Non-thermal plasma specifically kills oral squamous cell carcinoma cells in a catalytic Fe(II)-dependent manner.

J Clin Biochem Nutr 2019 Jul 1;65(1):8-15. Epub 2019 Jun 1.

Department of Pathology and Biological Responses, Nagoya University Graduate School of Medicine, 65 Turumai-cho, Showa-ku, Nagoya 466-8550, Japan.
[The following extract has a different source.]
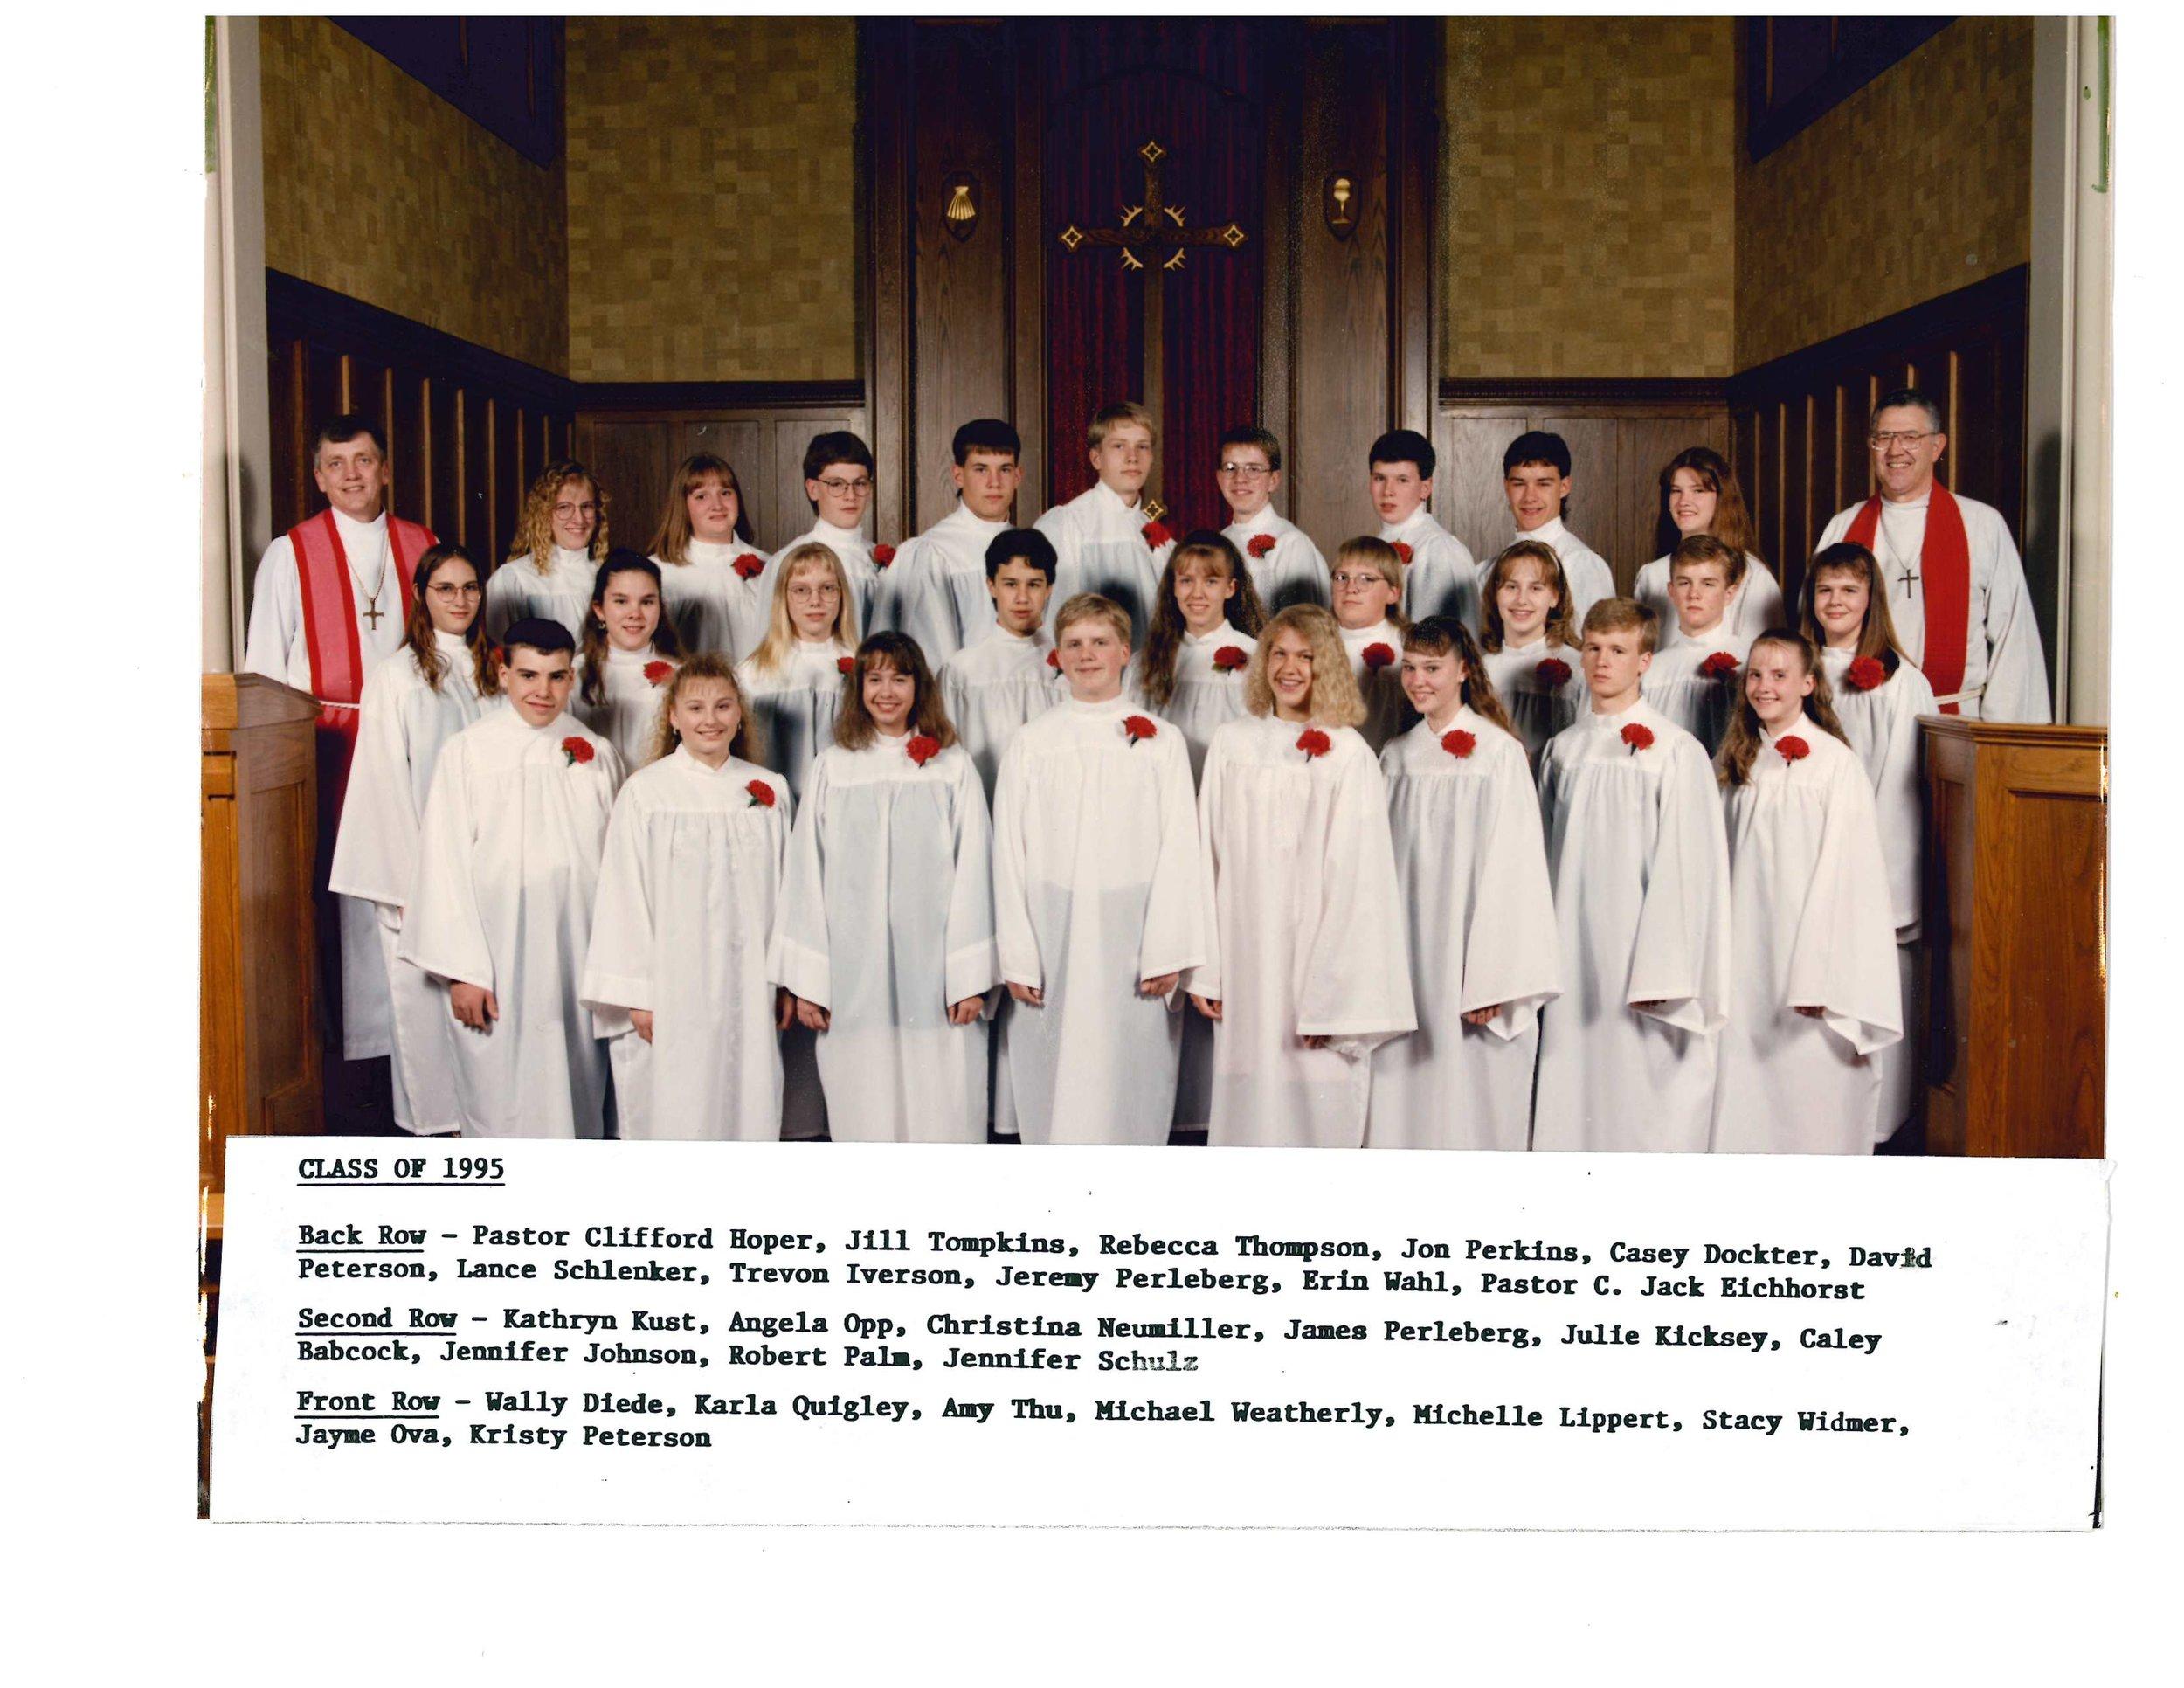 1995 confirmation photo.jpg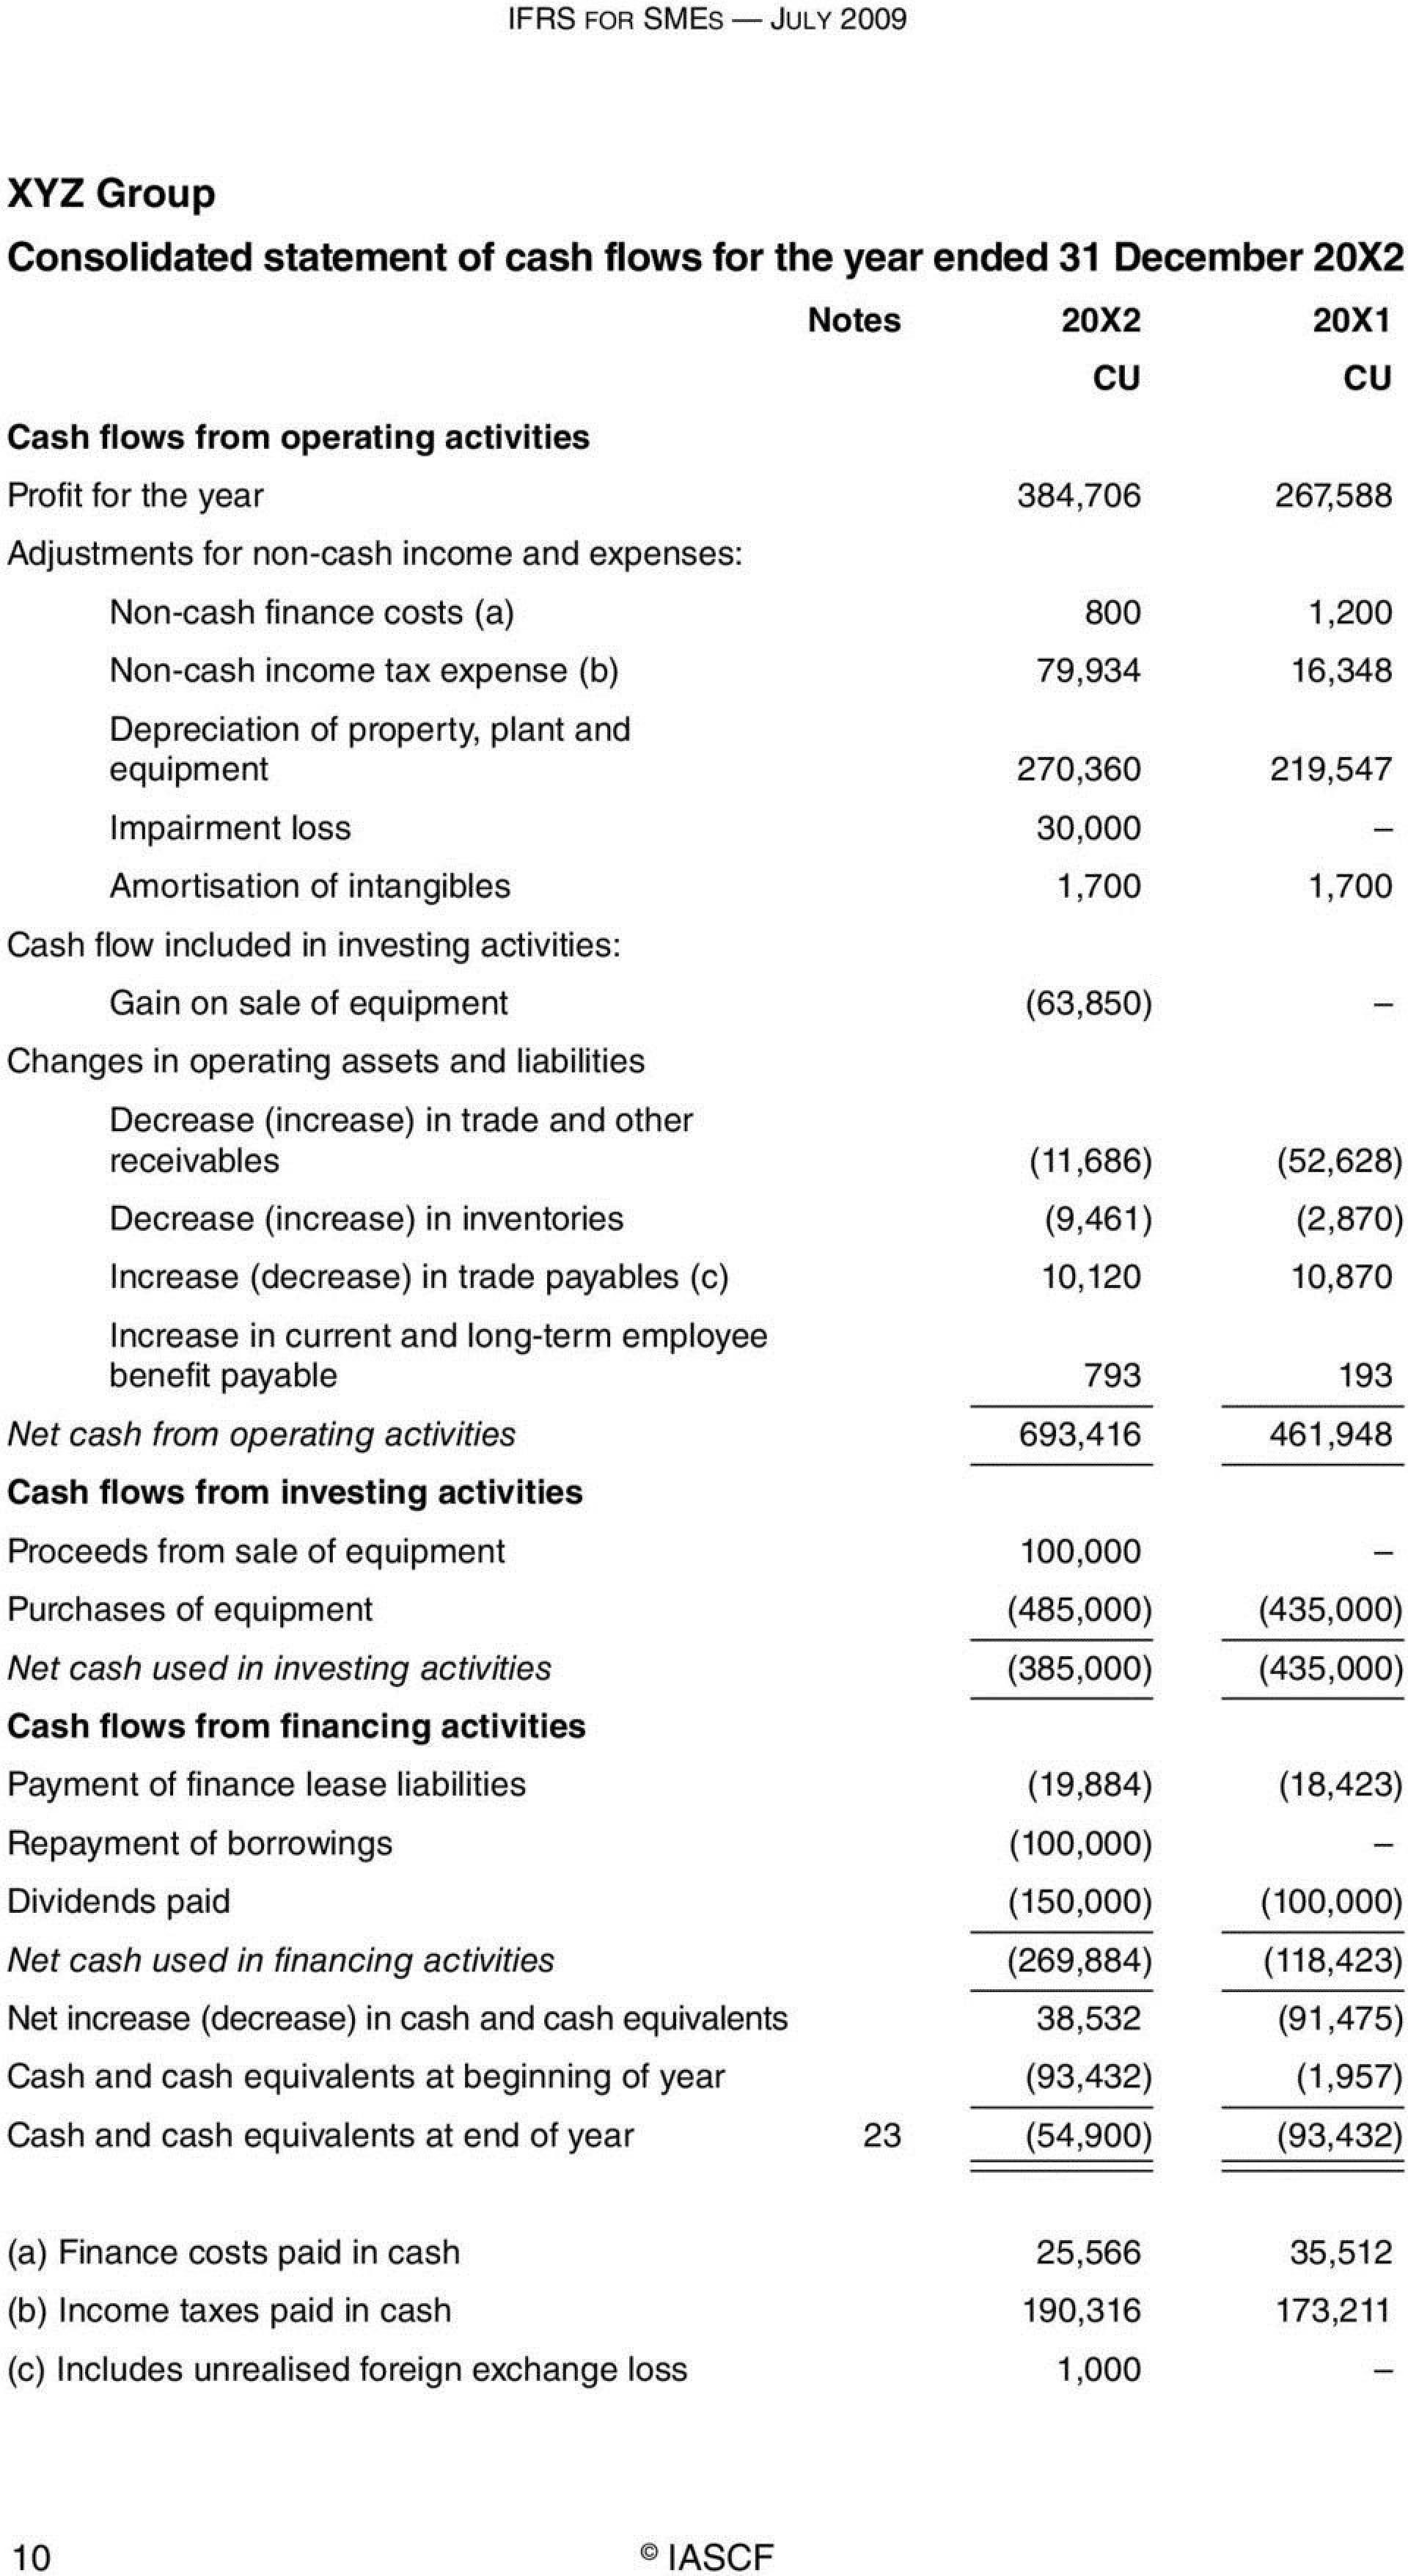 008 Unbelievable Statement Of Cash Flow Template Ifr Design  Ifrs Excel1920

Oral cancer accounts for ~2% of all cancers worldwide, and therapeutic intervention is closely associated with quality of life. Here, we evaluated the effects of non-thermal plasma on oral squamous cell carcinoma cells with special reference to catalytic Fe(II). Non-thermal plasma exerted a specific killing effect on oral squamous cell carcinoma cells in comparison to fibroblasts. Furthermore, the effect was dependent on the amounts of catalytic Fe(II), present especially in lysosomes. After non-thermal plasma application, lipid peroxidation occurred and peroxides and mitochondrial superoxide were generated. Cancer cell death by non-thermal plasma was promoted dose-dependently by prior application of ferric ammonium citrate and prevented by desferrioxamine, suggesting the association of ferroptosis. Potential involvement of apoptosis was also observed with positive terminal deoxynucleaotidyl transferase-mediated dUTP nick end labeling and annexin V results. Non-thermal plasma exposure significantly suppressed the migratory, invasive and colony-forming abilities of squamous cell carcinoma cells. The oral cavity is easily observable; therefore, non-thermal plasma can be directly applied to the oral cavity to kill oral squamous cell carcinoma without damaging fibroblasts. In conclusion, non-thermal plasma treatment is a potential therapeutic option for oral cancer.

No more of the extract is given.